In a nation awash with firearms, confiscating Daddy’s Sig Sauer before Junior teaches impudent classmates a thing or two has become a necessary addition to the K-12 curriculum. Teachers once concerned with English, math or science are now tasked with intercepting disaffected wannabe gunslingers before they shoot up the joint.

Scores of guns are seized each year in South Florida schools; hundreds in the state, thousands in America. Broward schools kicked off this semester with the discovery of a loaded, 9 mm Glock in the backpack of a 15-year-old knucklehead at Coconut Creek High School.

Welcome back to school, children. This is not a drill.

South Florida Sun Sentinel columnist Fred Grimm. (Rolando Otero, South Florida Sun Sentinel)

Rolando Otero / Sun Sentinel

South Florida Sun Sentinel columnist Fred Grimm. (Rolando Otero, South Florida Sun Sentinel)

The phenomenon is not limited to high schoolers. Elementary school kids are packing heat. Two years ago, a 10-year-old brought a pistol to Walker Elementary School in Fort Lauderdale. (Last year, teachers in Corpus Christi, Texas discovered a loaded pistol in the backpack of a 4-year-old student.)

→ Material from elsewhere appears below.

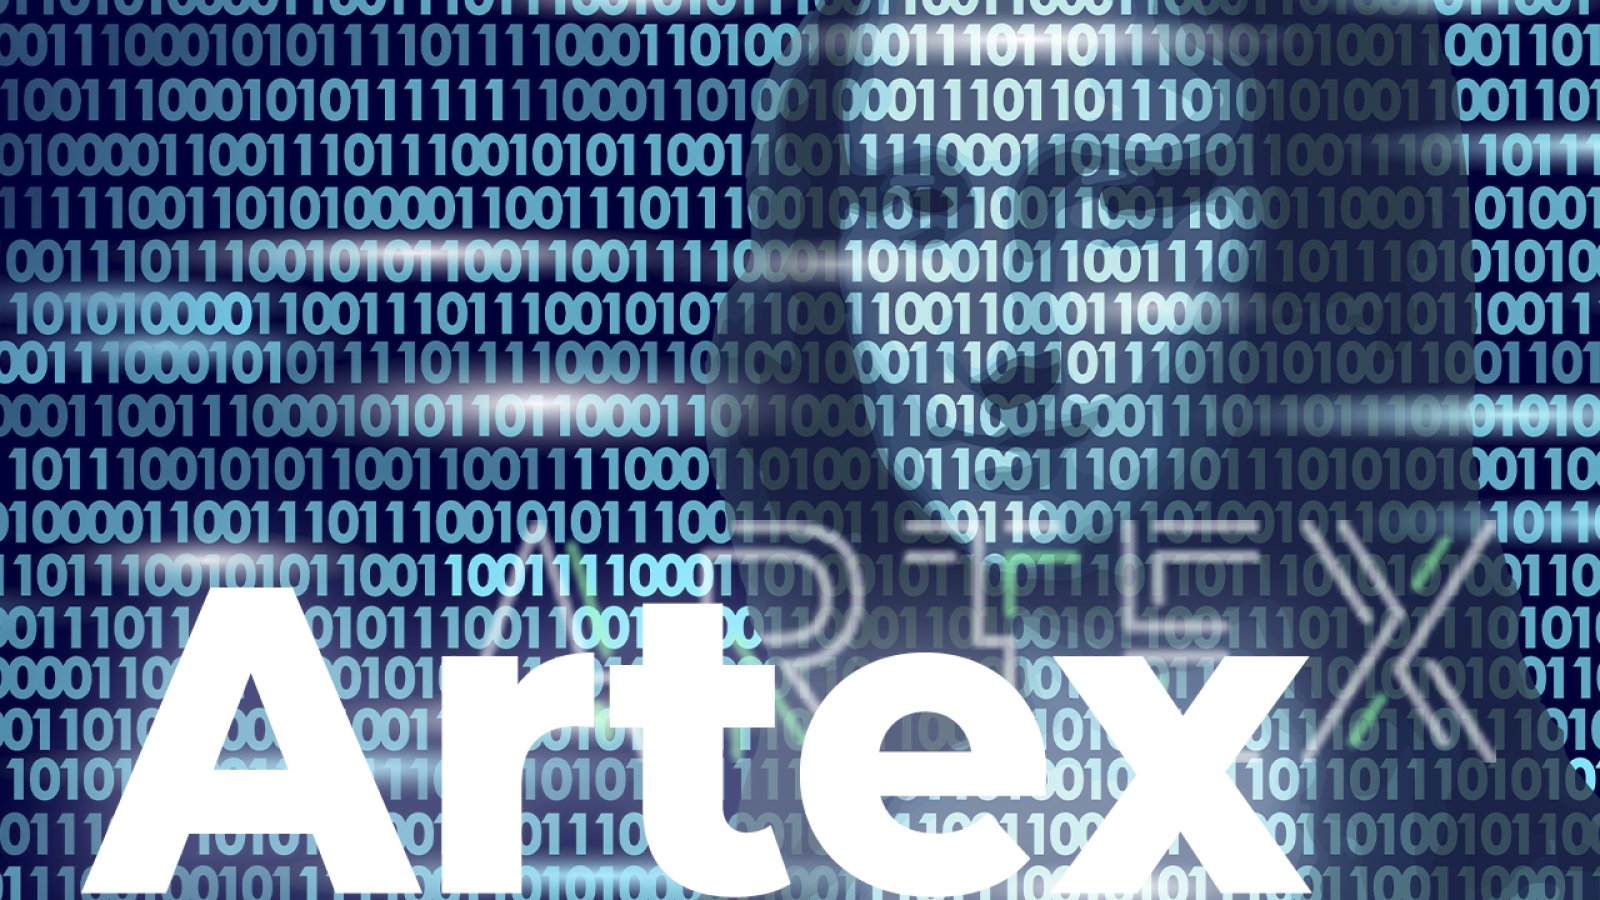 Artex - The Next Art Revolution in Crypto

Earlier this month, the Washington Post attempted to quantify gun seizures in American schools by reviewing media reports. The Post counted 1,150 newspaper and TV accounts of guns seized in kindergarten-through-12th grade schools last year. That comes to six firearms each day.

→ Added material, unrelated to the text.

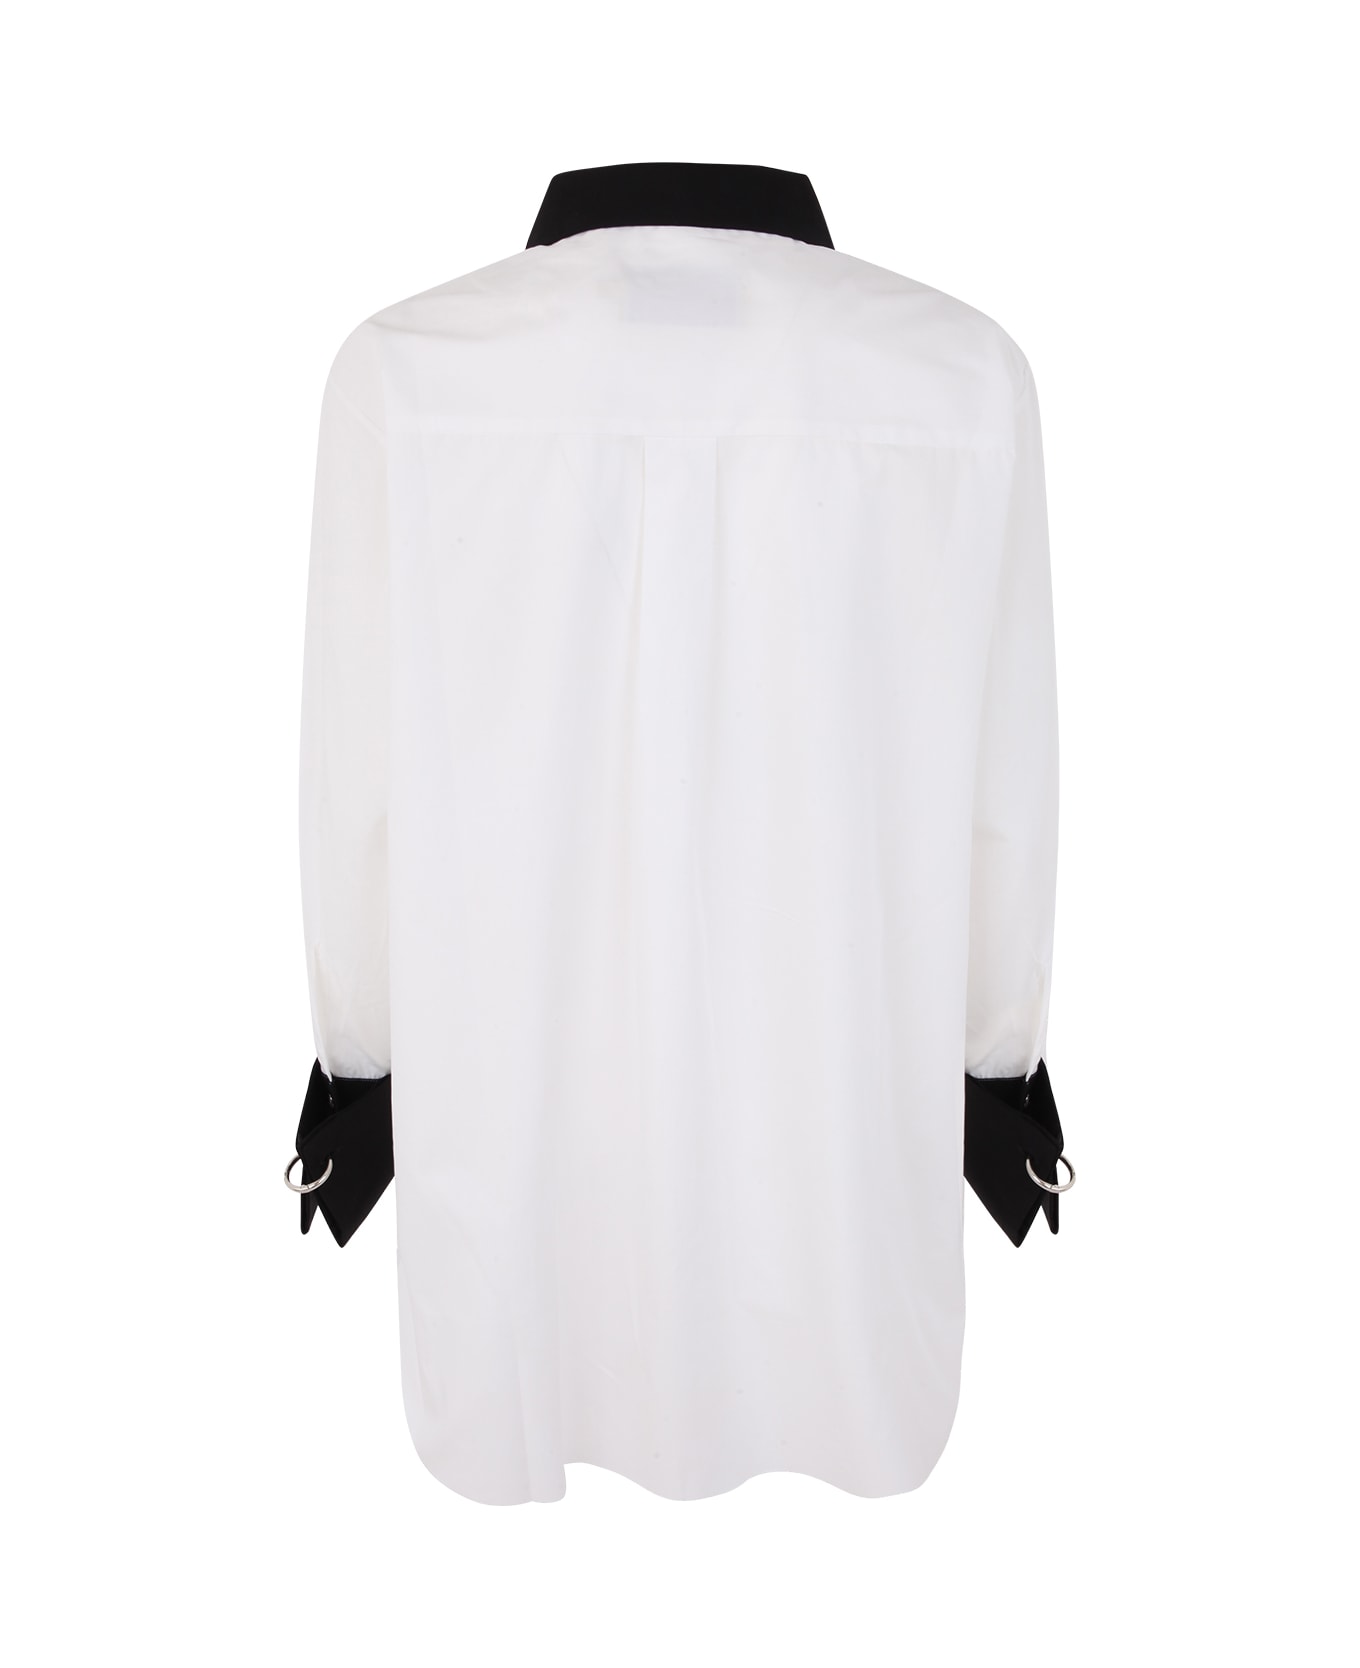 Marques'Almeida Shirt With Detachable Cuffs And Collar - Black/white シャツ

But the Post cautioned that those 1,150 media-documented instances were considerably fewer than the actual number, given that many school districts don’t report gun incidents unless they erupt in violence. Even if schools faithfully reported ordinary seizures, local media might consider a firearm found in a kid’s backpack too commonplace to be newsworthy. Unless the child starts shooting.

But the Post was able to obtain enough data from 47 major large school districts to conclude that student gun seizures have risen a startling 79% over the last five years. “In many communities, the number of guns found has more than doubled, a trend that mirrors a precipitous rise in school shootings,” the Post reported.

Here’s another frightening finding. About 4% of high school students surveyed by the National Center for Educational Statistics admit they had carried a weapon to school at least once in the previous month.

Florida data on gun seizures is limited, but last year, the Naples Daily News reported that Florida school officials had collected 1,151 weapons — both guns and knives — from students in the 2020-21 school year, up from 983 the previous year.

In the 2007-2008 school year, the most recent report I could locate from Broward County schools, school officials commandeered 503 weapons (up from 315 the previous school year).

None of this is all that surprising. In a nation with more firearms than people (estimates range from 350 million to 400 million), it’s statistically inevitable that guns show up in alarming settings — schools, colleges, churches, bars. Last year, the TSA intercepted 134 pistols while scanning passengers at Fort Lauderdale/Hollywood International Airport.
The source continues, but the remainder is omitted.